In terms of its technology focus, SVB and most of the payments and financial services industry are looking to software development. In the first quarter of 2015, software companies received over $5.5 billion in investment, more than any other category received, according to the MoneyTree Report by the National Venture Capital Association and PricewaterhouseCoopers, based on data from Thomson Reuters.

Companies like Square, Stripe and Braintree "are trying to offer a far more simplistic solution that gets merchants to market faster," said Wallace. Braintree (a unit of PayPal) and Stripe are focused on building application programming interfaces (APIs) that allow merchants with limited technical coding know-how to enable payments.

Marketplaces are another sector gaining speed that SVB is keeping an eye on. The all-encompassing marketplace giants, such as Amazon.com and eBay, are being joined in the market by new marketplaces that focus a specific areas. SVB is also interested in startups that provide on-demand services or are part of the sharing economy.

SVB was working with startups in Silicon Valley well before other traditional banks acknowledged the new crop of fintech firms. For example, SVB set up a business account for the U.S.-based Bitcoin exchange Coinbase in June 2012, when most other banks were shutting down accounts associated with the digital currency. The bank had a relationship with CoinLab Inc., an incubator for companies that operated in Bitcoin, even before that.
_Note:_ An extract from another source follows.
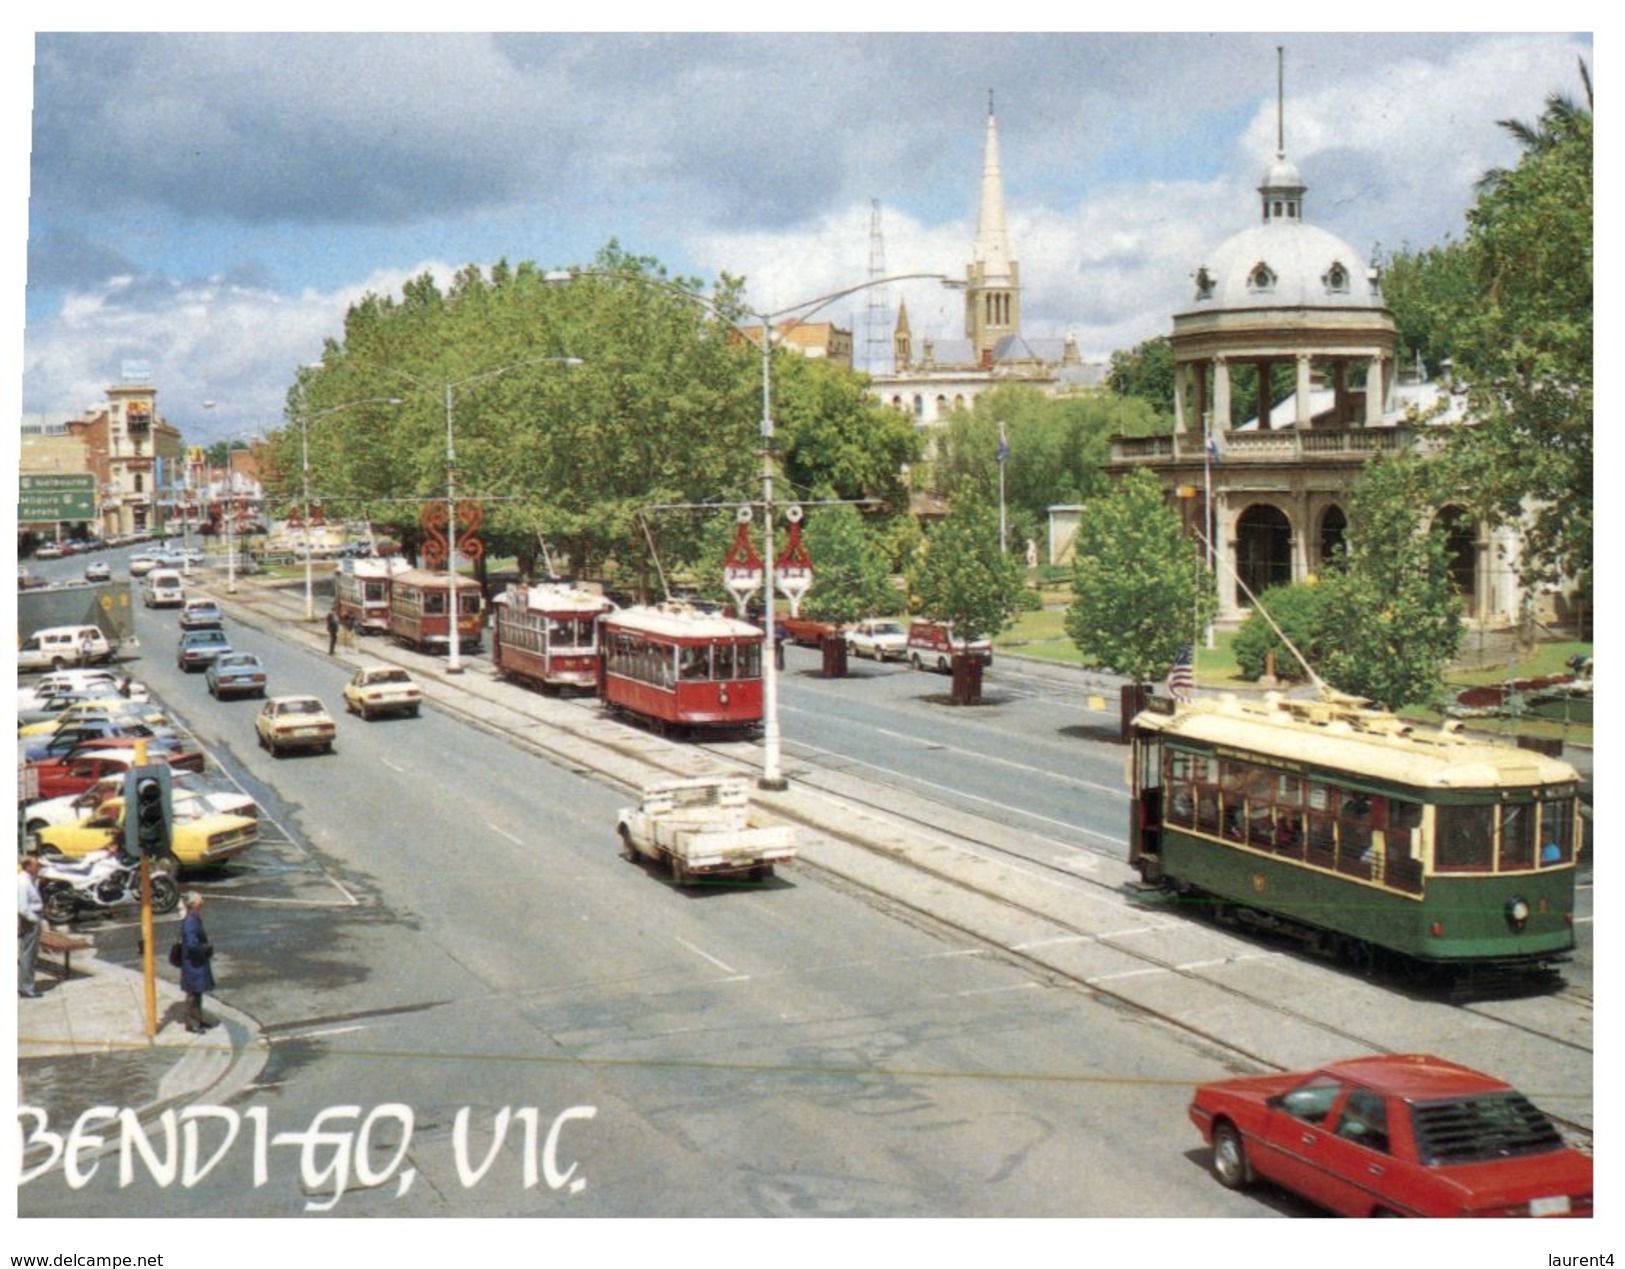 (169) Australia - VIC - Bendigo And Tramway - Bendigo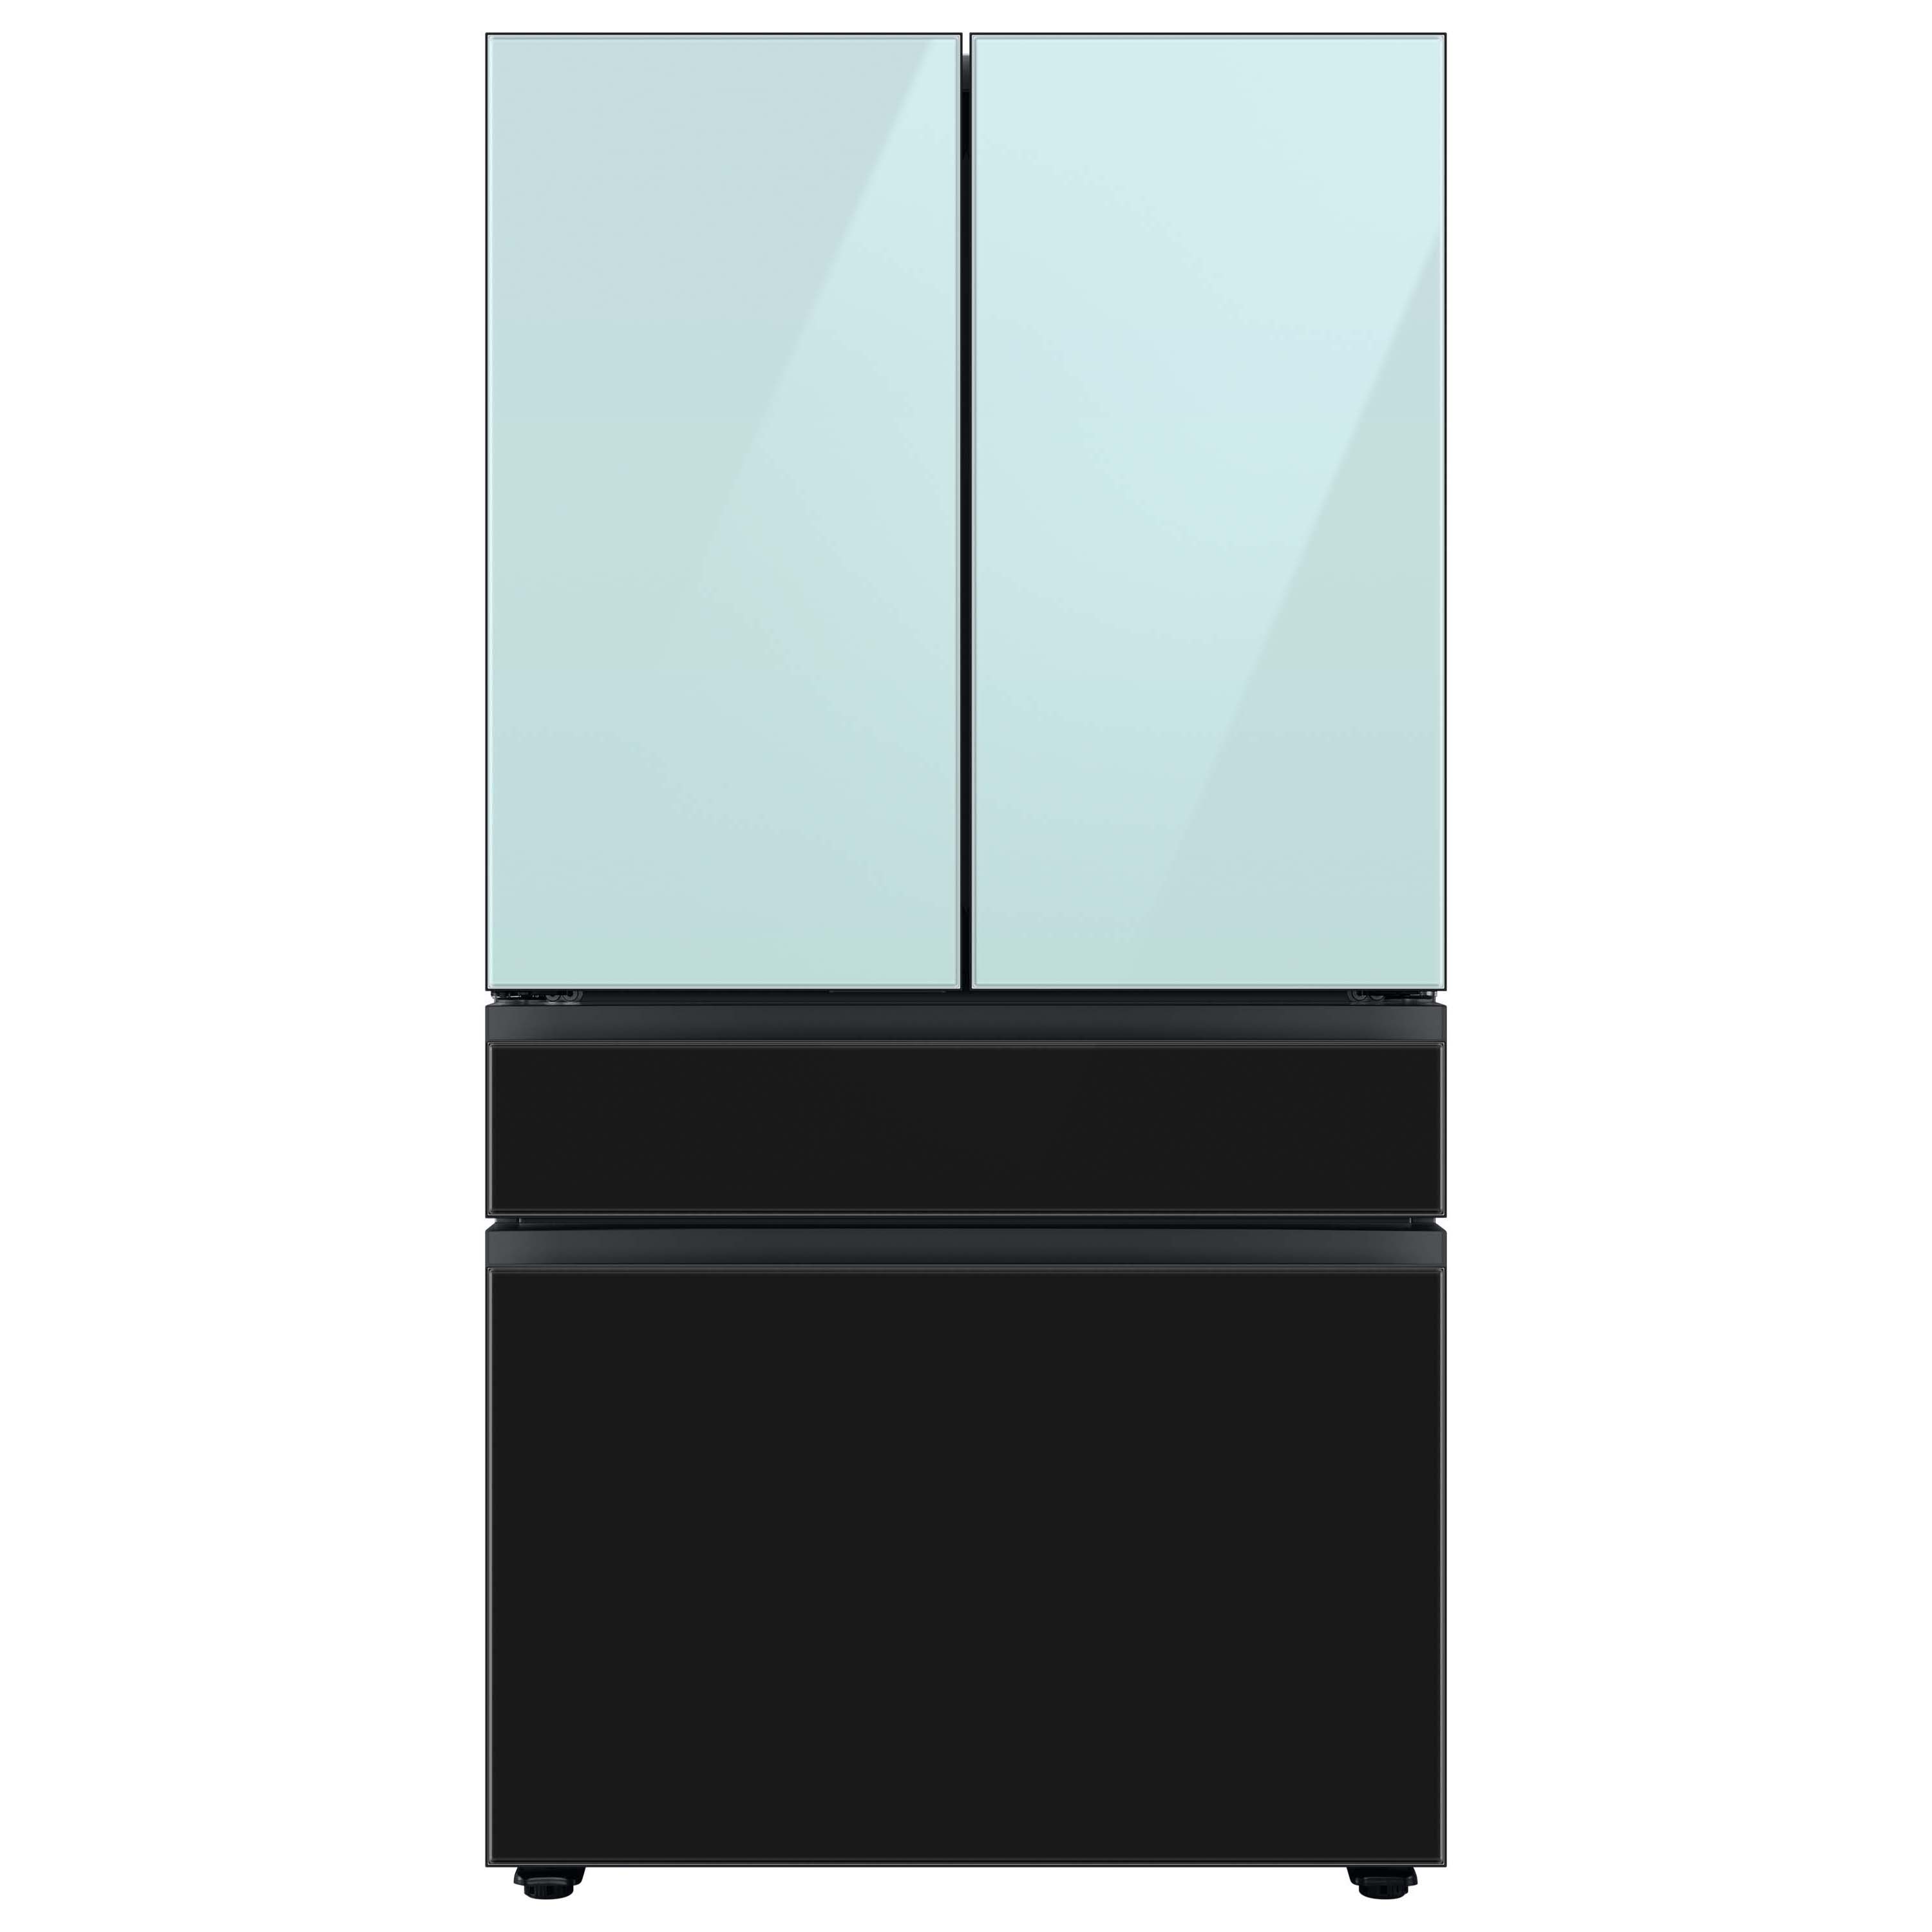 Panel embellecedor puerta inferior frigorifico Whi - Refrigerator Handle -  FERSAY

But things are changing. SVB is now just one of many traditional financial institutions with an appetite for working with their smaller, riskier counterparts. Many of the bigger banks have set up accelerator programs and hosted hackathons to get closer to the startup scene. But observers wonder whether banks are using these initiatives as branding opportunities or if they actually care to change.

Last year, SVB in partnership with MasterCard established the Commerce.Innovated. accelerator, which takes on four to six companies twice a year. According to Wallace, SVB is still working with most of the companies that went through the accelerator program, and many of those startups have closed on a Series A funding round.